Drinker Biddle & Reath LLP
One Logan Square, Ste. 2000
Philadelphia, PA 19103-6996
215-988-2700
APPROXIMATE DATE OF PROPOSED PUBLIC OFFERING:
AS SOON AS PRACTICABLE AFTER THE EFFECTIVE DATE
OF THIS REGISTRATION STATEMENT.
If any securities being registered on this form will be offered on a delayed or continuous basis in reliance on Rule 415 under the Securities Act of 1933, other than securities offered in connection with a dividend reinvestment plan, check the following box. þ
It is proposed that this filing will become effective (check appropriate box):
þ when declared effective pursuant to section 8(c)

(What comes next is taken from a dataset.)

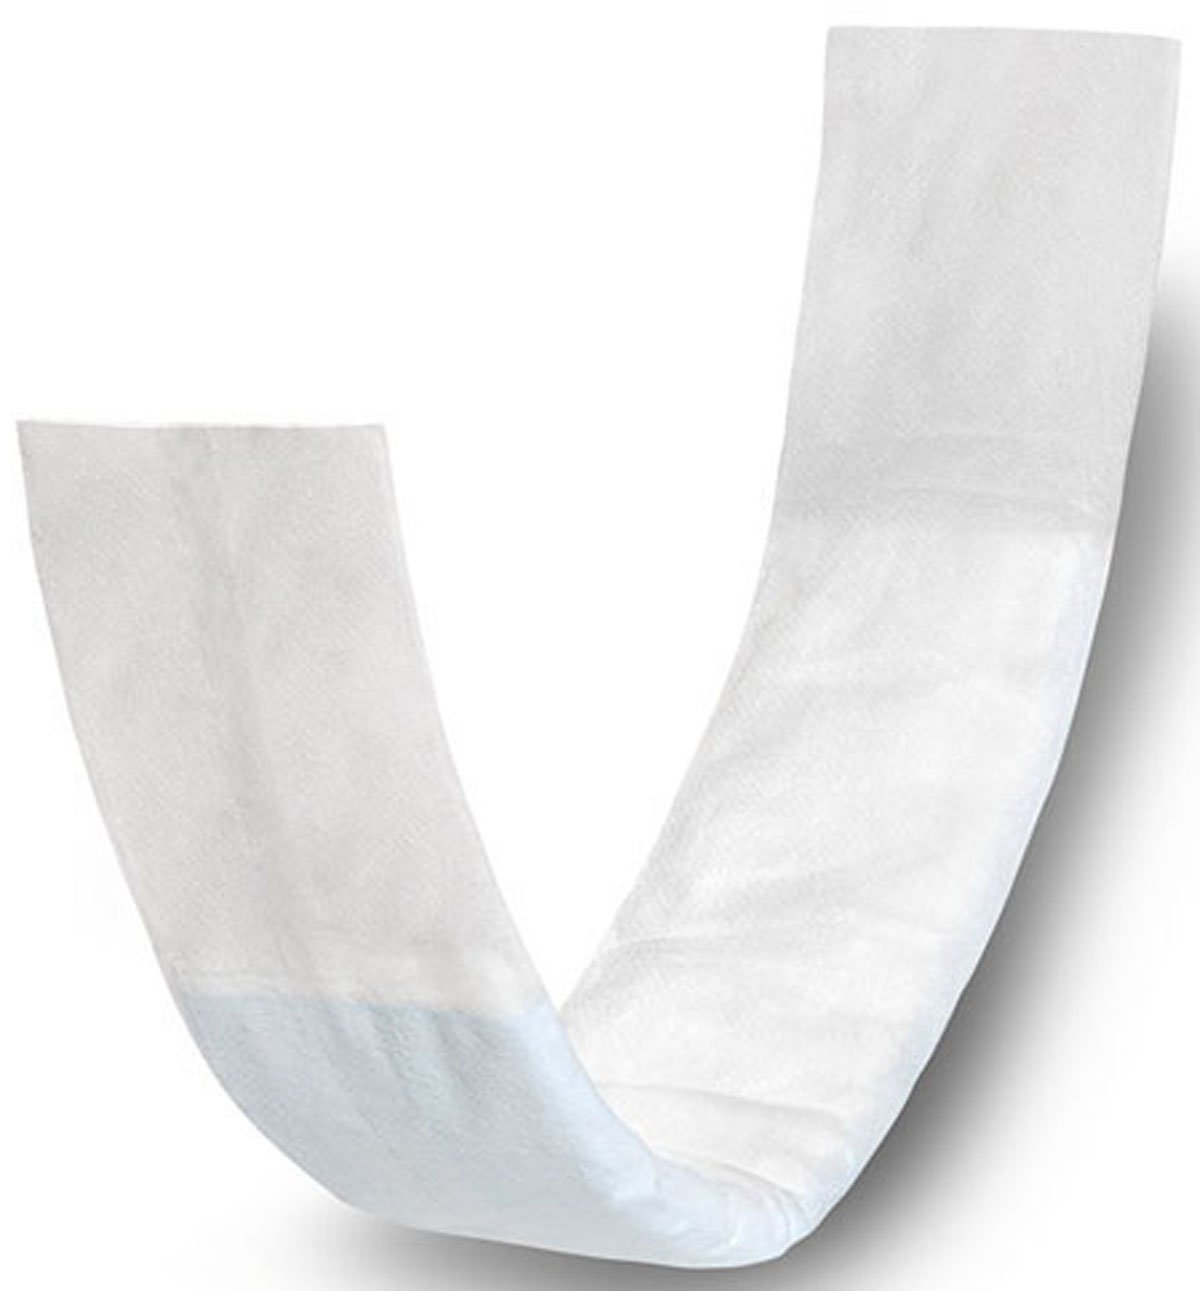 Medline NON241280 Maternity Feminine Hygiene Pads with Tails, 11'' (Pack of 288) by Medline

CALCULATION OF REGISTRATION FEE UNDER THE SECURITIES ACT OF 1933
TITLE OF SECURITIES BEING REGISTERED | PROPOSED MAXIMUM AGGREGATE OFFERING PRICE(1) | AMOUNT OF REGISTRATION FEE(2) | ||||
Shares of Beneficial Interest | $126,000,000 | $15,687 |
(1) | Estimated solely for purposes of calculating the registration fee pursuant to Rule 457 under the Securities Act of 1933. |
(2) | All of which has been previously paid. |
THE REGISTRANT HEREBY AMENDS THIS REGISTRATION STATEMENT ON SUCH DATE OR DATES AS MAY BE NECESSARY TO DELAY ITS EFFECTIVE DATE UNTIL THE REGISTRANT SHALL FILE A FURTHER AMENDMENT WHICH SPECIFICALLY STATES THAT THIS REGISTRATION STATEMENT SHALL THEREAFTER BECOME EFFECTIVE IN ACCORDANCE WITH SECTION 8(A) OF THE SECURITIES ACT OF 1933, OR UNTIL THE REGISTRATION STATEMENT SHALL BECOME EFFECTIVE ON SUCH DATE AS THE SECURITIES AND EXCHANGE COMMISSION, ACTING PURSUANT TO SECTION 8(A), MAY DETERMINE.
EXPLANATORY NOTE
The purpose of this Pre-Effective Amendment No. 3 to the Registration Statement on Form N-2 is solely to file certain exhibits to the Registration Statement as set forth in item 25(2) of Part C.
PART C:
OTHER INFORMATION
Destra International & Event-Driven Credit Fund (the “Registrant”)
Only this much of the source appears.